Sat. 3rd November 6hr 45min
Match drilled the HS-904 ribs and HS-905 nose ribs to the spars. Disassembled. Prepared the spar edges. Fabricated the wooden jig and assembled the skin and skeleton of the left HS.
This was my first full Saturday working on the project. As it turned out, I was also able to find time go into the city centre with my wife to have some lunch and shop for some household items.

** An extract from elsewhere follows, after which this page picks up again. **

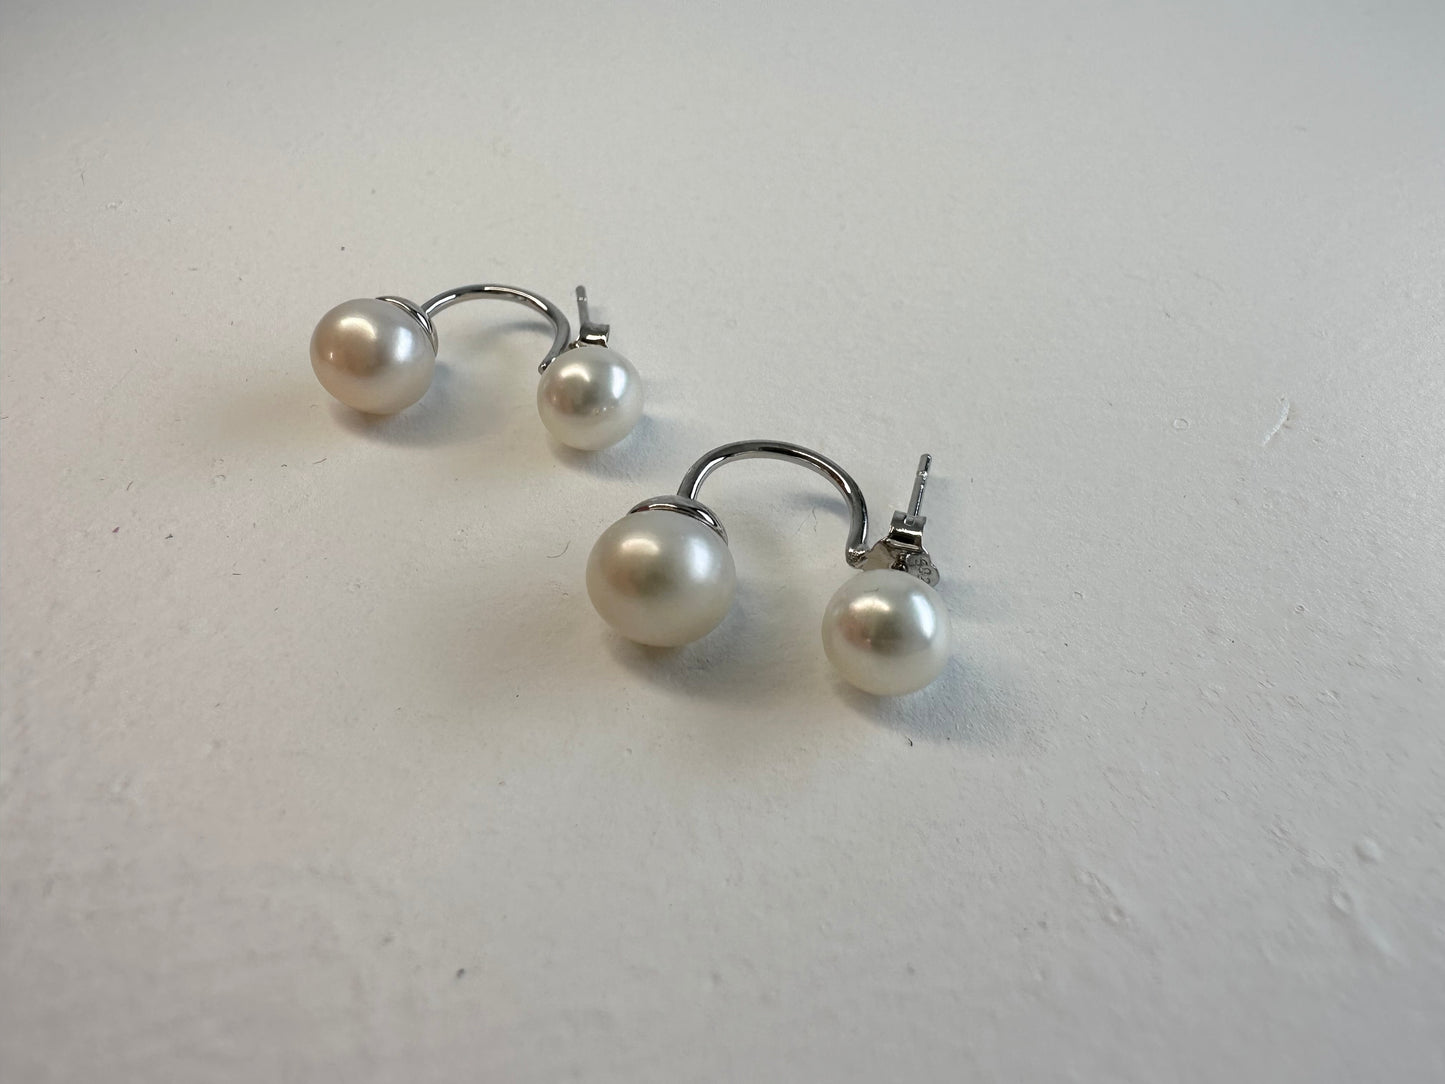 Double pearl Betty earrings

In preparation for the project, I would regularly drop into my local Lidl and aldi stores to see what they might have. As a marketing man, I would have told you ten years ago that the idea of a shop that did not have regular stock but instead offered whatever was cheapest from time to time was plain crazy and would never work. Shows you how much I know. In fact, not knowing what they may have increases the 'mystery' and brings me back regularly just to see what they have in. What they have in stock very often includes tools that I would never have thought of owning. Much of it is amazingly cheap stuff probably made in China. However, for very occassional use, it is perfectly fine. I got a router and an electric staple gun that were of great help in building the workshop. All of the plastic storage bins you see in the photos came from this source. I also got a digital level, digital calipers and two engineering-type vices with brackets to attach them to the the side of a bench. These last items really came into play this evening, holding the spars steady while I preped the edges. They will also be used to hold sheet material clamped between two lengths of timber for edge preparation; the rudder skins for example. I will have to see if I can fit them to the table of my bench drill because the vice-grips type clamp I got earlier won't hold thin or small pieces.
Again, the edge preparation technique I am using involves using the file to get a consistent shiny edge with no shear marks, then deburring and finally polishing. I use the bench-mounted Scotchbrite wheel where possible but, if not, I use the 1in wheel in a die grinder. That die grinder sure uses a lot of air.